According to a 2011 study,³ lettuce cut parallel to the middle rib produces more “green” or “leaf-like” compounds.⁴ These compounds come from the same reaction that gives vegetables their “green” aroma: oxidation of fatty acids by lipid peroxidases (LOXs).

**Figure 2** Oxidation of fatty acids by LOXs to leafy-smelling compounds. I drew a free fatty acid here but more likely would be a fatty acid bound in a lipid.

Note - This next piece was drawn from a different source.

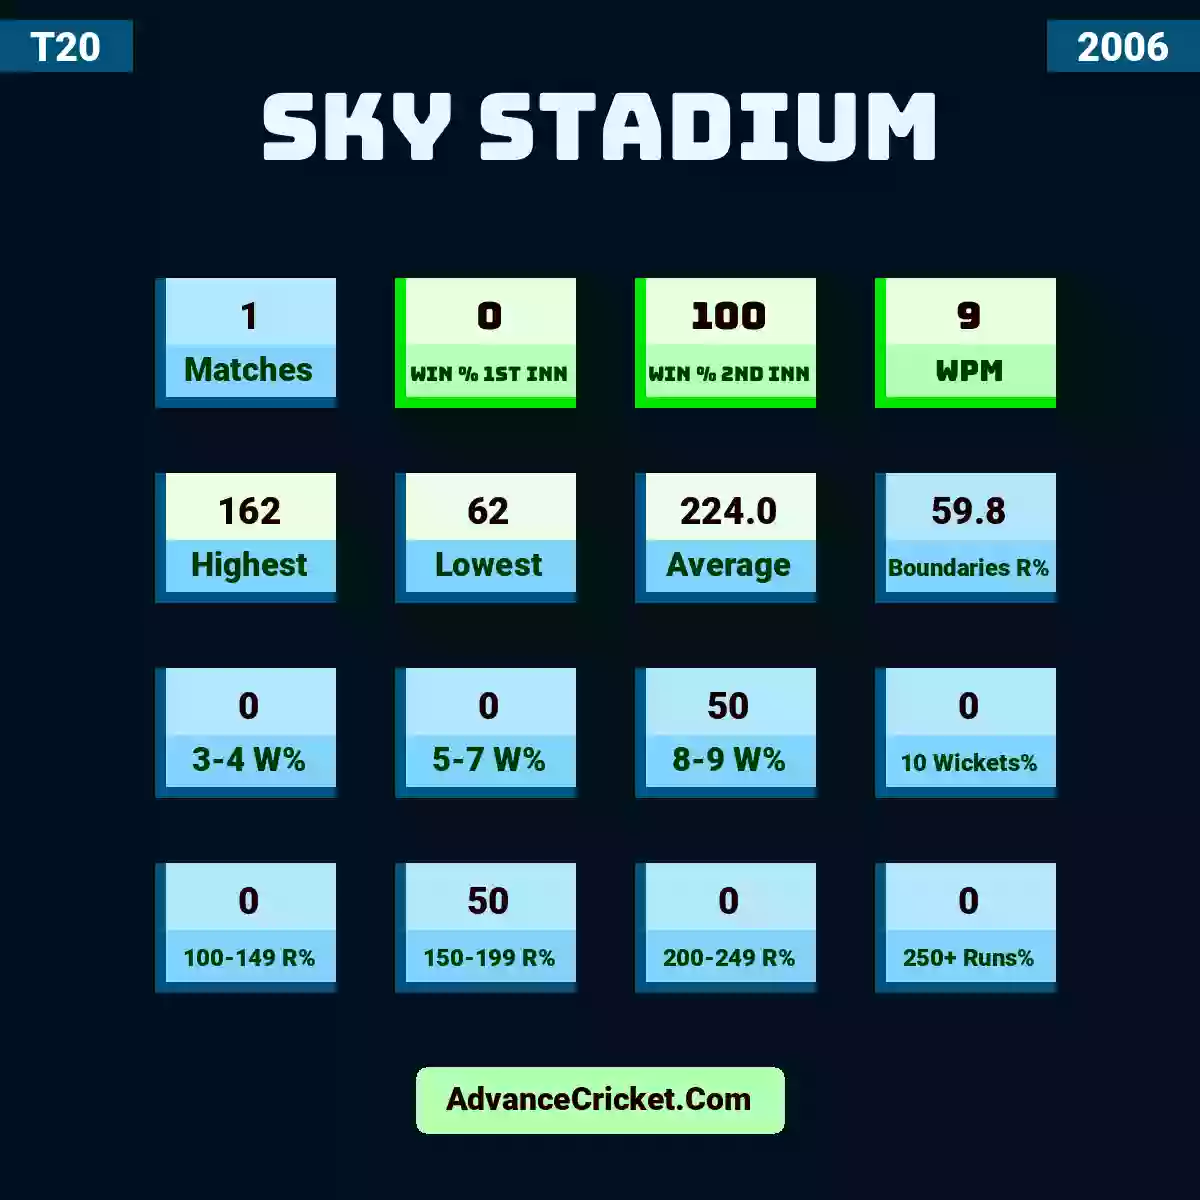 Image showing Sky Stadium with Matches: 1, Win % 1st Inn: 0, Win % 2nd Inn: 100, WPM: 9, Highest: 162, Lowest: 62, Average: 224.0, Boundaries R%: 59.8, 3-4 W%: 0, 5-7 W%: 0, 8-9 W%: 50, 10 Wickets%: 0, 100-149 R%: 0, 150-199 R%: 50, 200-249 R%: 0, 250+ Runs%: 0.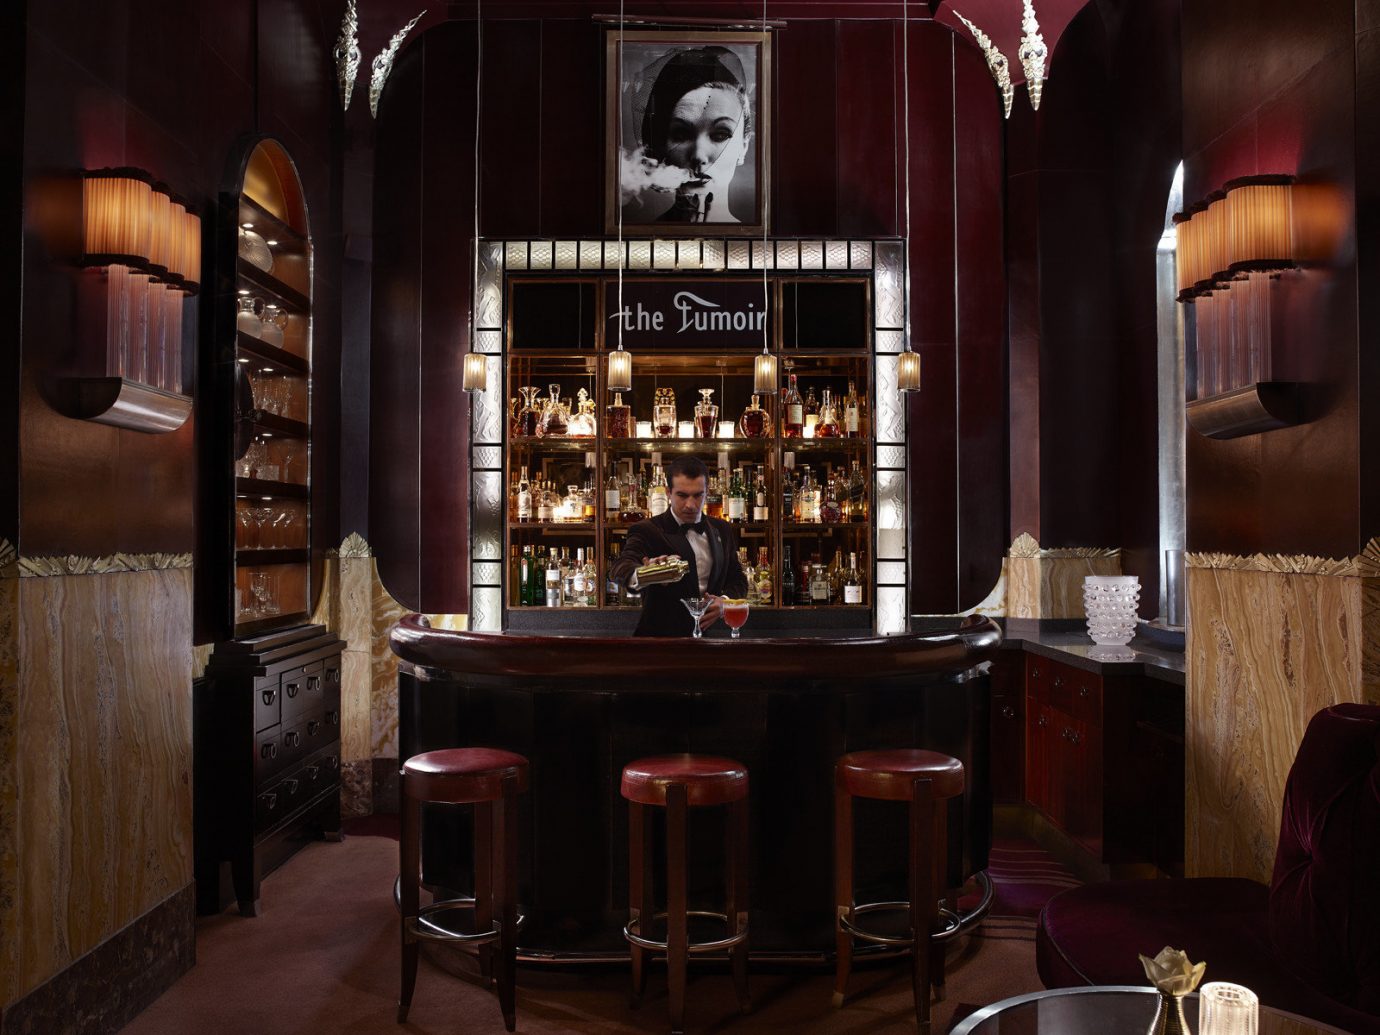 Hotels London Luxury Travel indoor Bar restaurant interior design lighting Winery estate

LOXs peroxidise unsaturated fatty acids, which then break down into more or less volatile aldehydes that can undergo further enzymatic reactions yielding more volatile compounds (Figure 2). Some of them are responsible for the familiar smell of leaves, and the two most prominent are fittingly referred to as leaf aldehyde and leaf alcohol. Another product of this LOX-catalysed breakdown is traumatin which acts as a plant hormone signalling tissue damage. So, in a way, leafy aroma is actually a plant’s chemical cry of pain…⁵

Are you cutting your bananas correctly?

Finally, let’s get to answering the question of who’d cut up a banana end-to-end: the answer, of course, is scientists. But relax, science doesn’t want you to cut bananas lengthwise; the scientists in question found that the bananas sliced at 0° (into circles) browned slower than those cut at more obtuse angles, with those cut lengthwise (90°) browned the most.⁶ Admittedly, most of this change is only really significant after a very long time: they ran all their experiments for four days at 20°C and measured the first time at 10 or 20h after the start of the experiment. That’s reasonable for you and me, who did some meal prep the night before or stored some leftovers for a day. But I don’t think most of us don’t (intentionally) keep sliced bananas around as long as they did. It might be relevant for industry, though.
As for the mechanism, the browning reaction itself is due to polyphenol oxidases that turn colourless polyphenolic compounds into brown(ish) oxidised ones. I’m not sure what’s going on with the angle dependence, though; unfortunately, except for the figures, the article is in Japanese so I’m not aware of what the authors themselves made of their data.

Concluding remarks

This post is probably not going to change anyone’s approach to cooking – I’m here for the fun of it and I’m happy to share what I find interesting. – And if you enjoy reading about that that’s really all I can hope for :).

Footnotes

1
So when you eat plant matter, most of what you get is actually vacuoles, or, put differently: fruit juice is mostly vacuole contents, add cell wall fragments, and you get a smoothie. I always found it quite interesting to think about food in terms of cell components.
2
In a full-sized plant organ like a fruit, the cells would point in different directions, especially in curved ones like bananas. Still, you can reasonably expect some regularity in the cells’ orientation and thus that different cutting angles crush different amounts of cells.
3
Deza-Durand, Karla M., and Mikael Agerlin Petersen. ‘The Effect of Cutting Direction on Aroma Compounds and Respiration Rate of Fresh-Cut Iceberg Lettuce (Lactuca Sativa L.)’. Postharvest Biology and Technology 61, no. 1 (July 2011): 83–90. https://doi.org/10.1016/j.postharvbio.2011.02.011
4
I’m not sure if these changes are detectable by humans, though.
5
A 2010 paper offered another perspective. It was found that the saliva of a certain species of caterpillar reacts with a compound from the plant it feeds on to form another compound that attracts predators. These would then flock to the damaged plant and attack the caterpillars. The authors thus went with “Modified SOS calls” as a description, which stretches my analogy to a somewhat messed-up picture. – I guess the way we humanise the plants’ reaction here is a matter of perspective.
6
Link to the paper (mostly in Japanese).